Soulignons au passage l’hypocrisie de la dénonciation des actes réactionnaires effectuée par des hommes politiques comme Castaner. Ce dernier, quand il s’agit du mouvement des gilets jaunes, déclare que « Chaque insulte, chaque agression homophobe est une injure à notre pacte républicain ». Mais lorsqu’il s’agissait d’excuser les sorties de son confrère Gérald Darmanin opposé au mariage pour tous : il se contentait d’un simple « on a tous dit des bêtises ».

C’est aussi une manière d’assimiler les principaux acteurs des gilets jaunes, c’est-à-dire les classes moyennes et populaires des petites villes et des campagnes, à une image méprisante de « beaufs » rétrogrades – là encore, un raccourci facile pour décrédibiliser le mouvement qui, certes, regroupe différentes catégories de population, parfois avec des opinions rétrogrades, mais qui dans l’ensemble exprime des aspirations légitimes et progressistes, notamment la lutte contre l’injustice fiscale et contre la baisse du pouvoir d’achat.

Les organisations patronales se sont par ailleurs opposées au mouvement. Ainsi les transporteurs routiers, mais aussi l’Union des entreprises de proximité, la Confédération des petites et moyennes entreprises ainsi que le Medef se sont dissociés publiquement des « gilets jaunes ».

Ce qui a poussé le gouvernement à tenter d’être dialoguant avec ce mouvement, c’est non seulement son acceptation large dans la société (73% disent soutenir les gilets jaunes) mais surtout car les gilets jaunes représentent pour beaucoup la base sociale de Macron, c’est-à-dire les catégories socio-professionnelles ayant voté pour lui et dont il cherche à maintenir l’adhésion en vue des prochaines élections. Le gouvernement a donc dû tenter d’apaiser lui-même la colère avec des mesures telles que la généralisation du chèque énergie ou encore le vote à la dernière minute, vendredi 16 novembre, de dispositifs censés désamorcer la gronde.

Oui mais voilà ; au vu de la tournure que prend le mouvement, qui perdure et se durcit lui aussi, le gouvernement commence à sentir que la colère est profonde et qu’elle n’est pas prête de s’éteindre. Dans cette situation, le gouvernement n’a pas de relais. Ainsi, comme à son habitude, le gouvernement ne sait pas faire autrement que de passer en bulldozer pour écraser les contestations à sa politique. C’est le sens des dernières déclarations d’Édouard Philippe aux députés En Marche : "Nous allons faire ce sur quoi nous nous sommes engagés" ; « nous gagnerons collectivement par la cohérence, la constance et la détermination ».

Démontrant une certaine fébrilité, Emmanuel Macron lui-même est sorti de son mutisme, lui qui était en déplacement à l’étranger et avait déclaré dimanche qu’il ne s’exprimerait qu’ « en temps voulu ». Ainsi, il a profité d’être à l’extérieur pour se poser en arbitre de la situation, laissant Castaner et Philippe endosser le mauvais rôle. Le président tente d’afficher un profil ferme mais tranquille, prônant le « dialogue » et « l’explication » mais surtout pas un changement de cap de la part du pouvoir.

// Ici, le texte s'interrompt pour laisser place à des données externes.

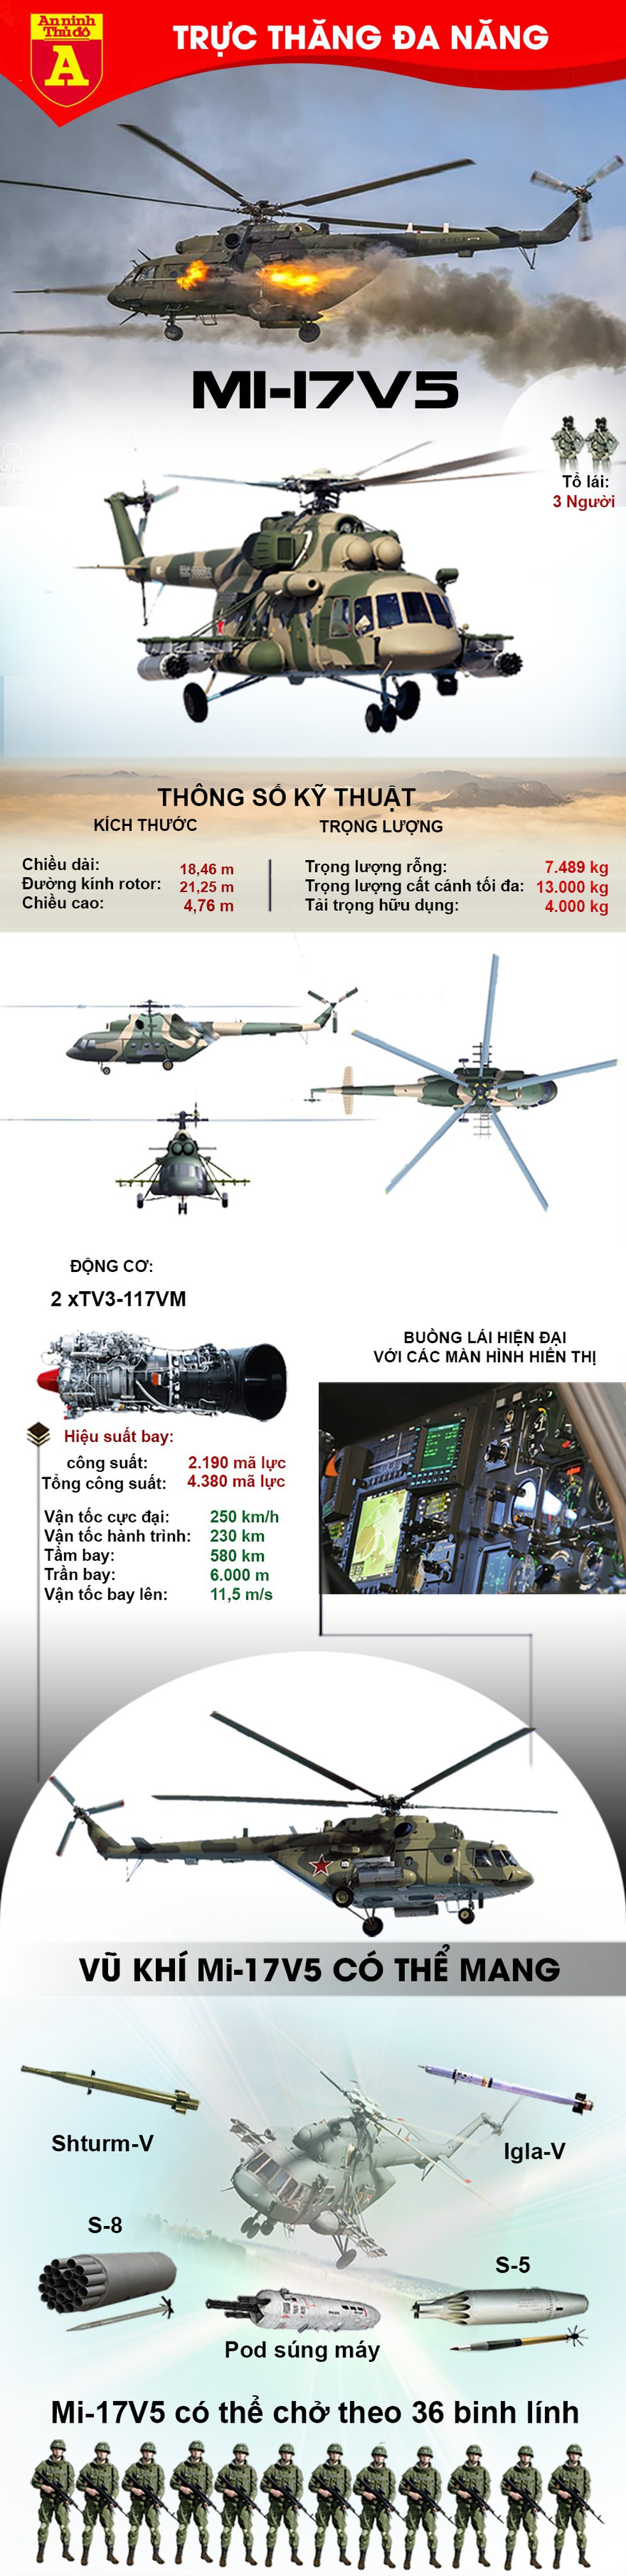 [Infographics] Tại sao Mỹ phải bấm bụng mua Mi-17 Nga để trang bị cho Afghanistan? - Ảnh 1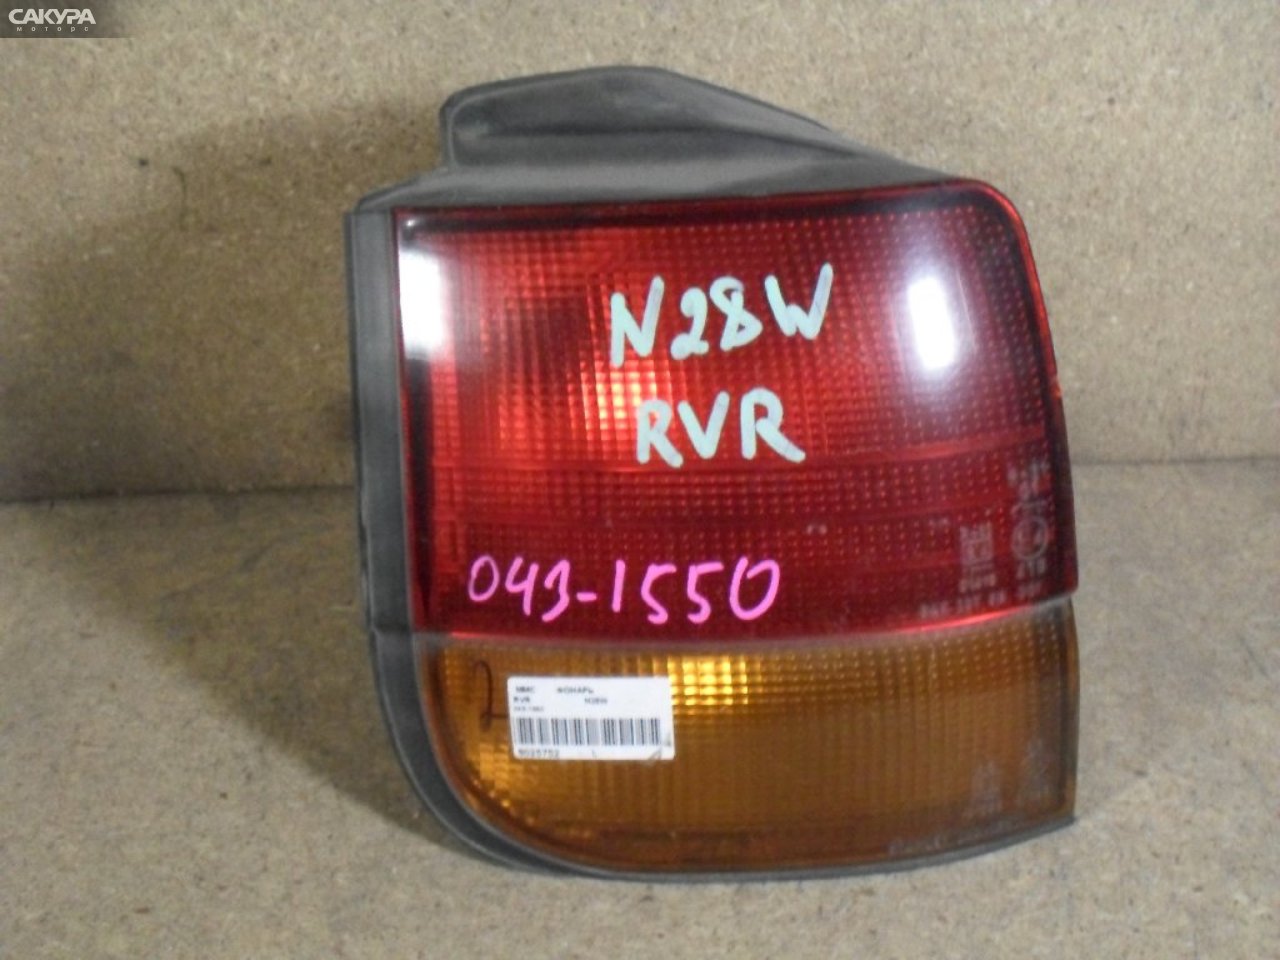 Фонарь стоп-сигнала левый Mitsubishi RVR N28W 043-1550: купить в Сакура Абакан.

Macron, qui avait tant souhaité « passer au dessus des corps intermédiaires » ne peut plus compter sur ceux-ci pour canaliser la colère. Le mouvement étant relativement spontané et n’étant pas encadré par ces « corps intermédiaires » que sont les syndicats – ce qui s’exprime notamment par un mouvement « sans leader » –, Macron n’a personne avec qui discuter pour calmer le jeu. Pour tenter de reprendre la main, pas d’autres solutions que de durcir le ton – mais il n’est pas garanti que cela fonctionne.